PROVIDED DATA:
* * * * *
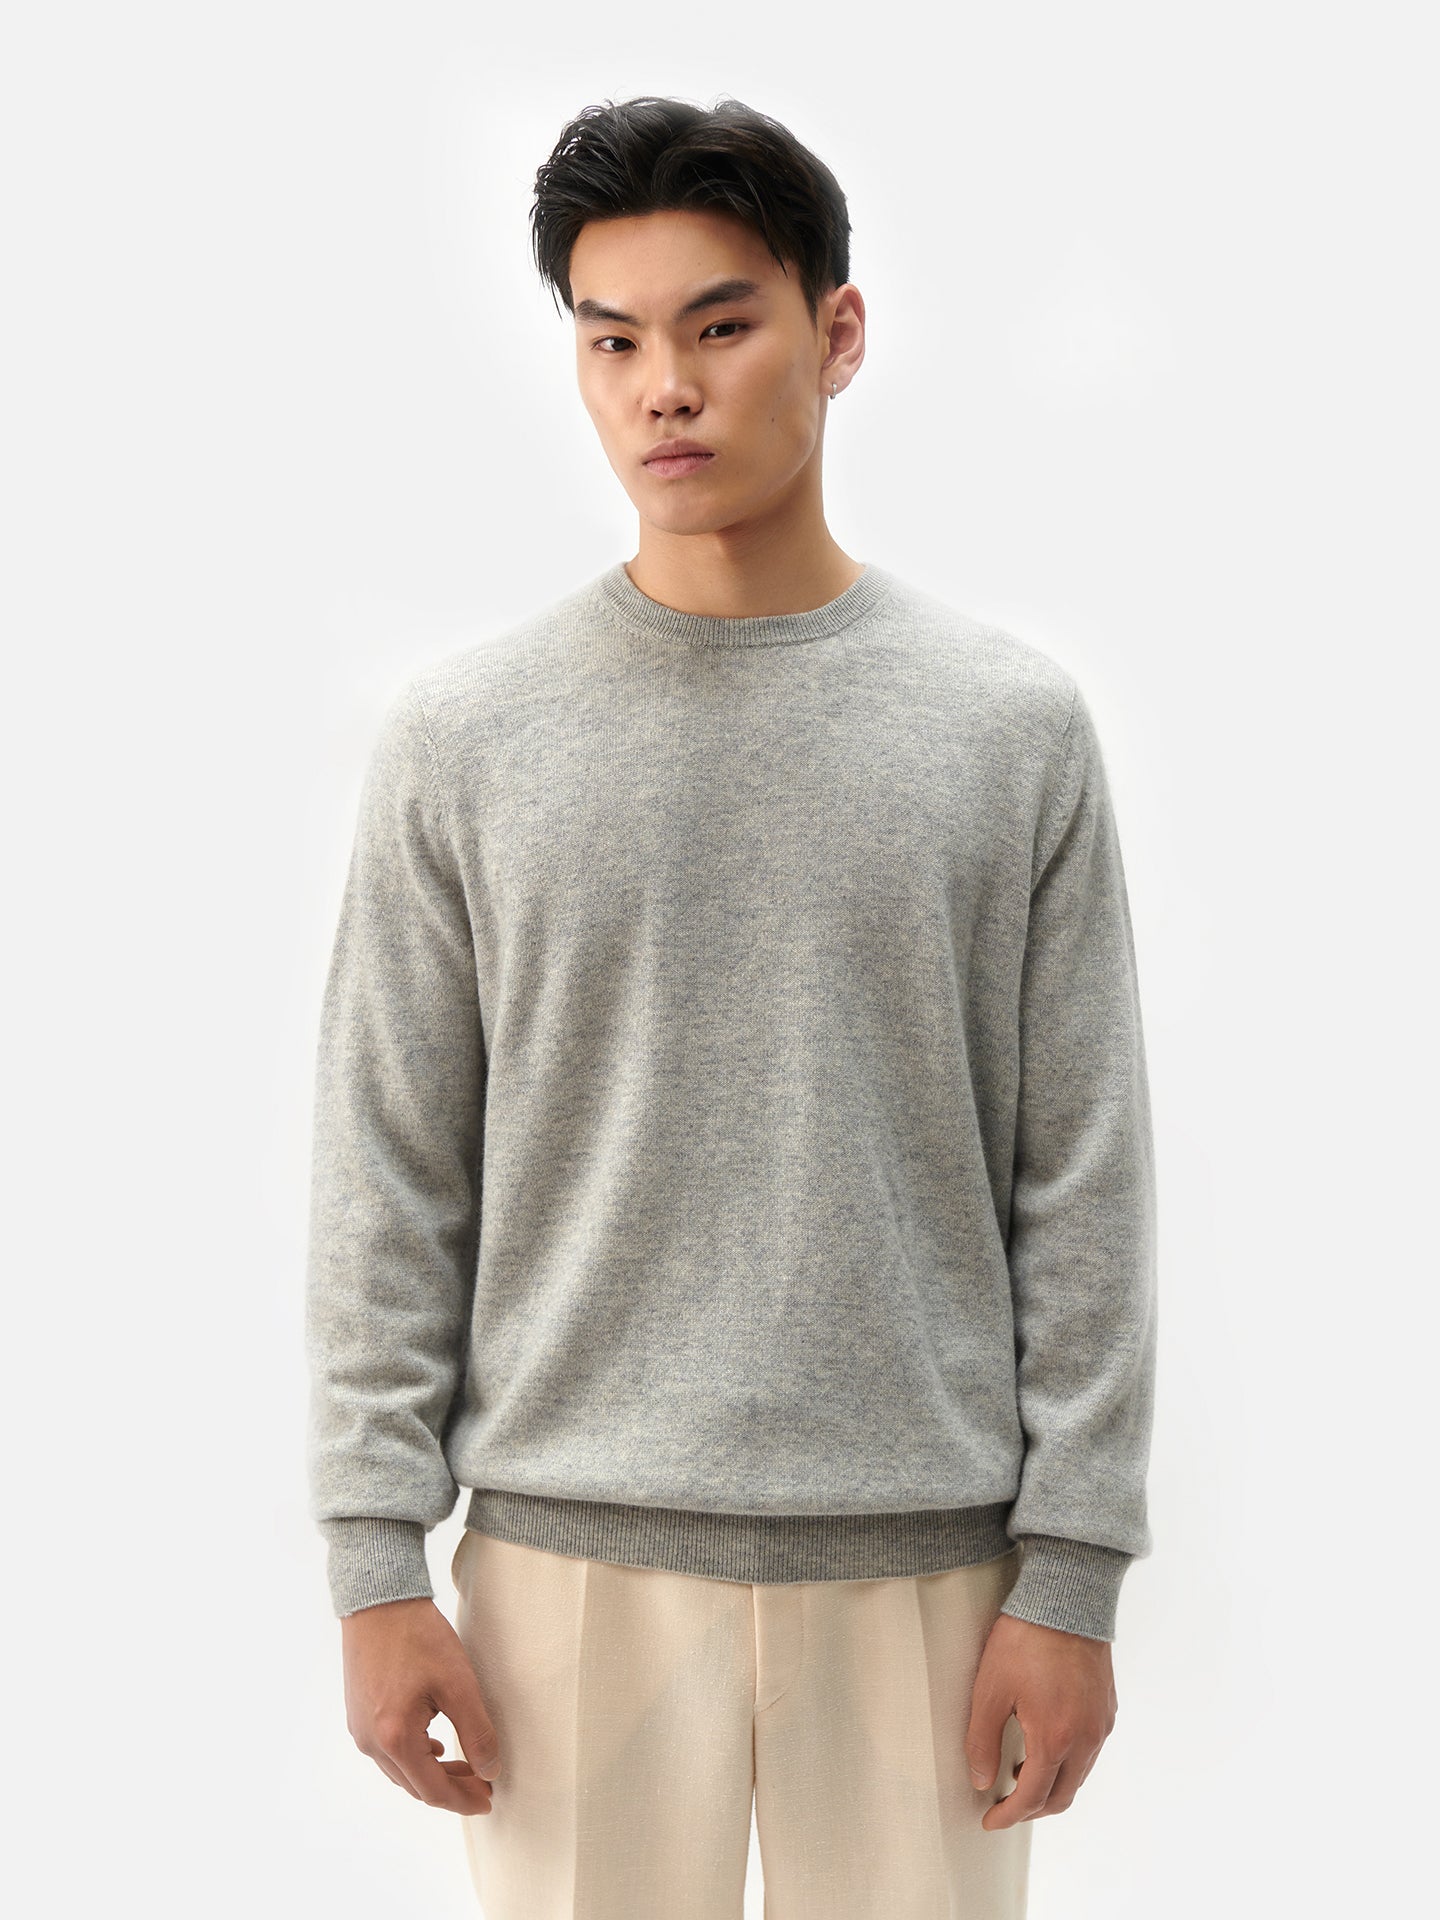 Men's Cashmere Basic Crew Neck Sweater Gray - Gobi Cashmere
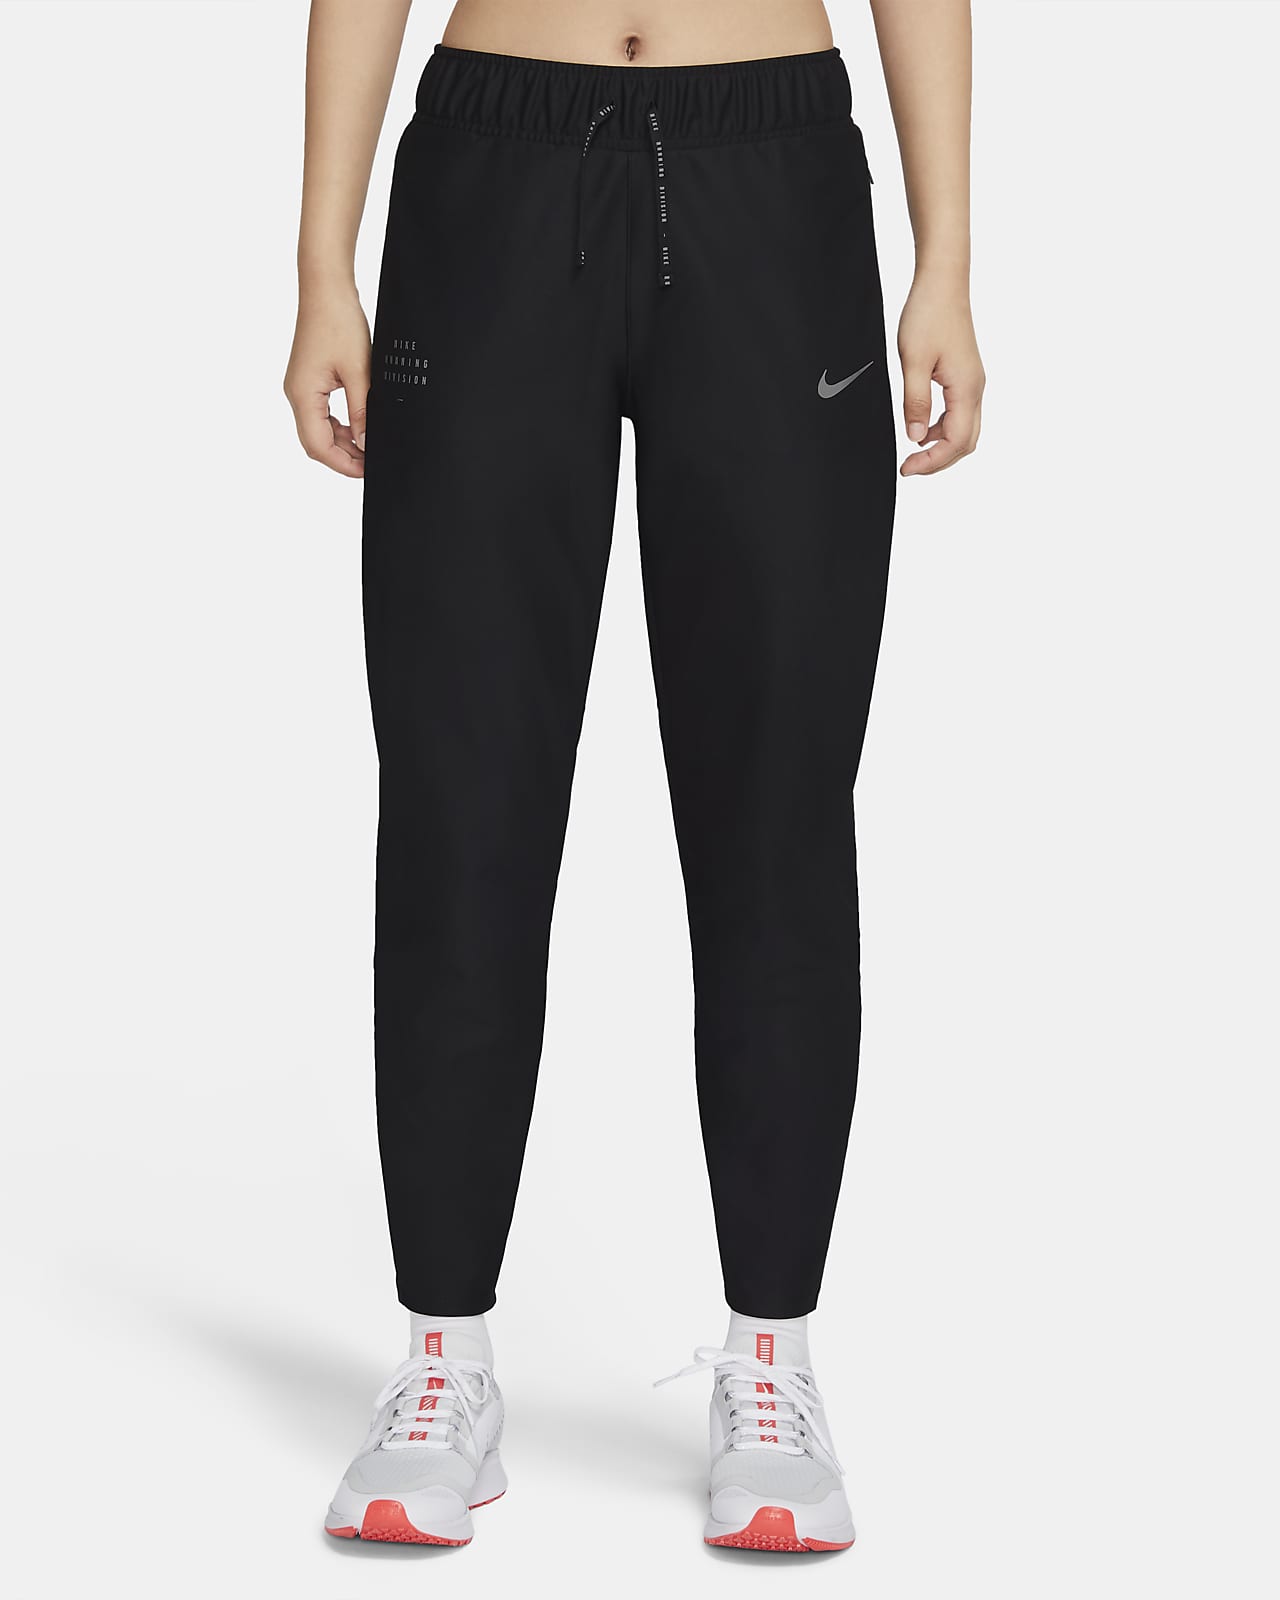 Women's Nike Running Pants
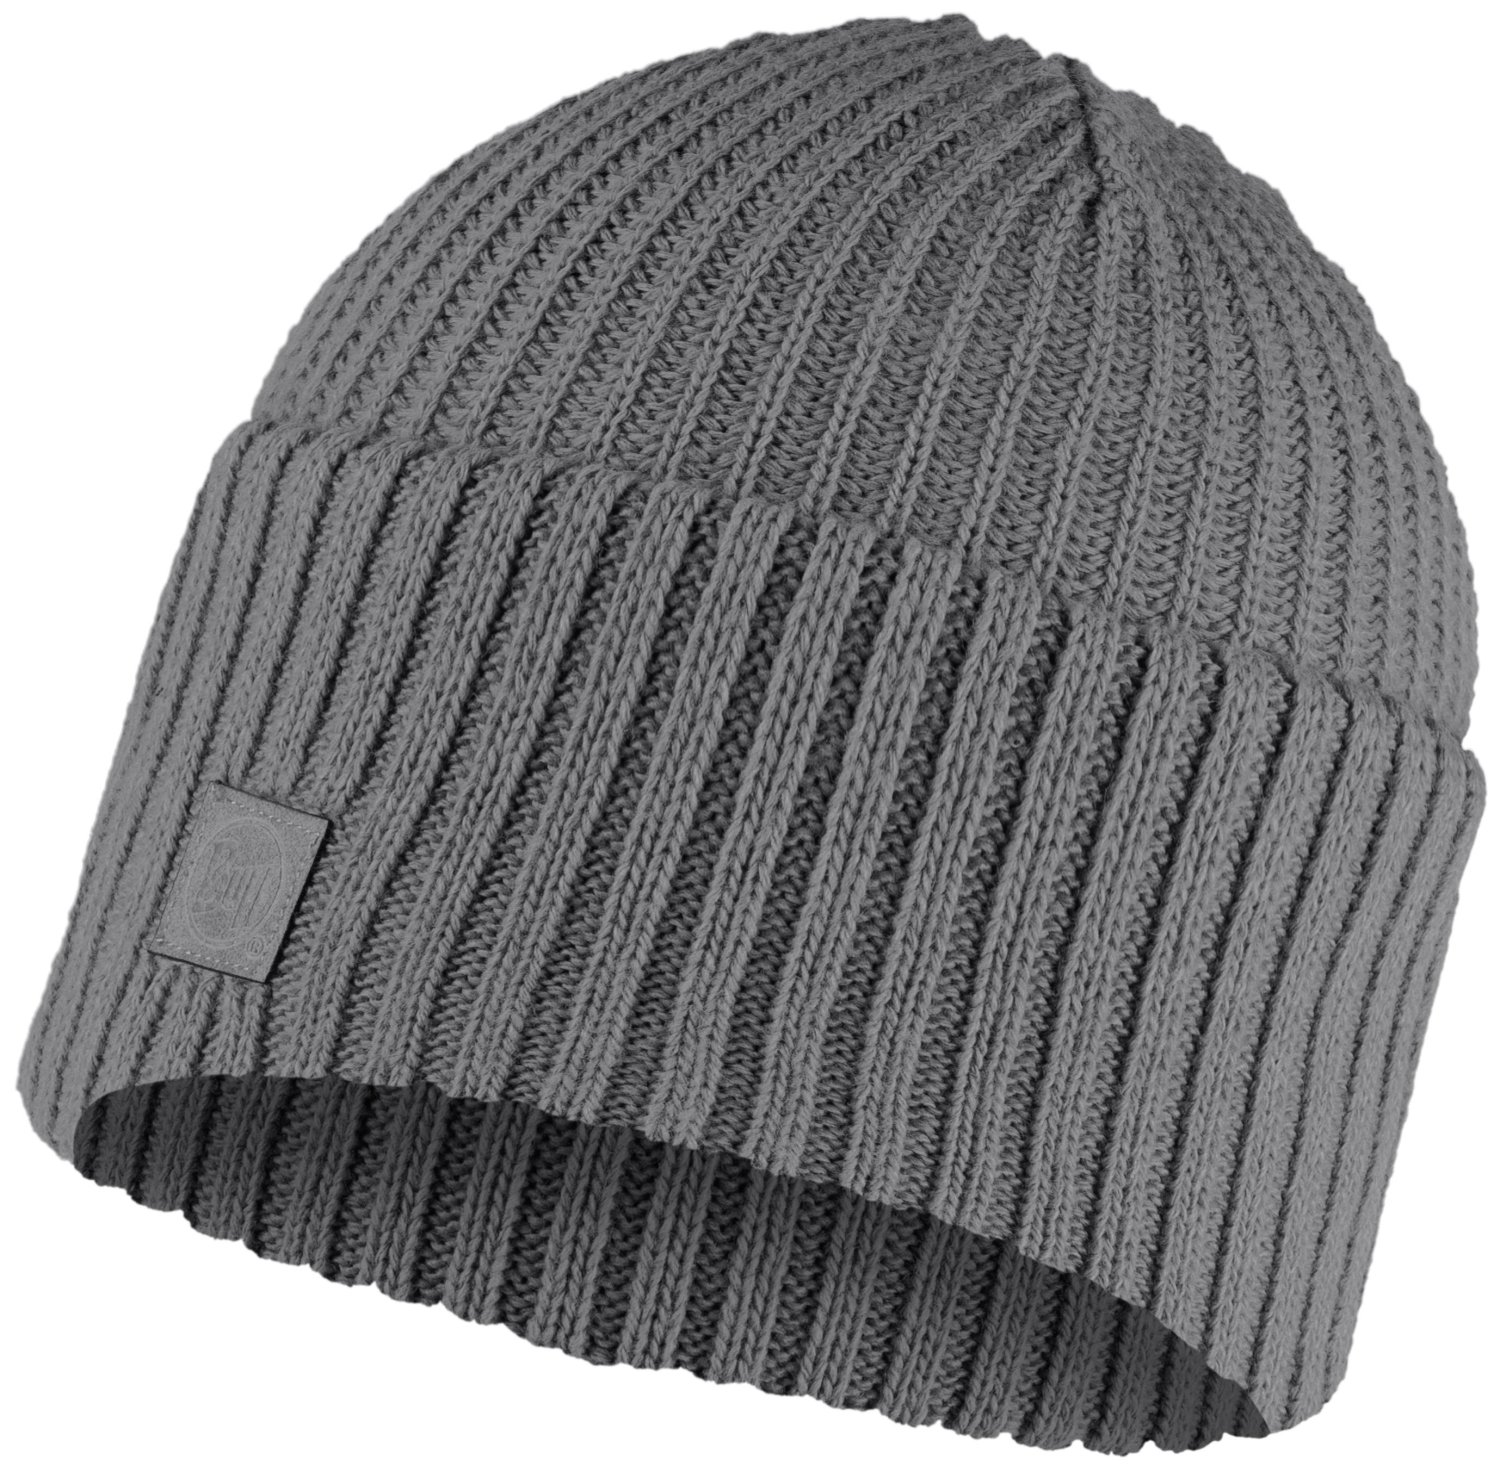 Шапка Buff Knitted Hat Rutger Grey Heather US:one size, 129694.938.10.00 купить на ЖДБЗ.ру
* * * * *
INSTRUCTIONS FOR THE TASK: Repeat the listing above word for word, omitting the pictures.

ANSWER FOR THE TASK:
 Men's Cashmere Basic Crew Neck Sweater Gray - Gobi Cashmere
 Women's Nike Running Pants
 Шапка Buff Knitted Hat Rutger Grey Heather US:one size, 129694.938.10.00 купить на ЖДБЗ.ру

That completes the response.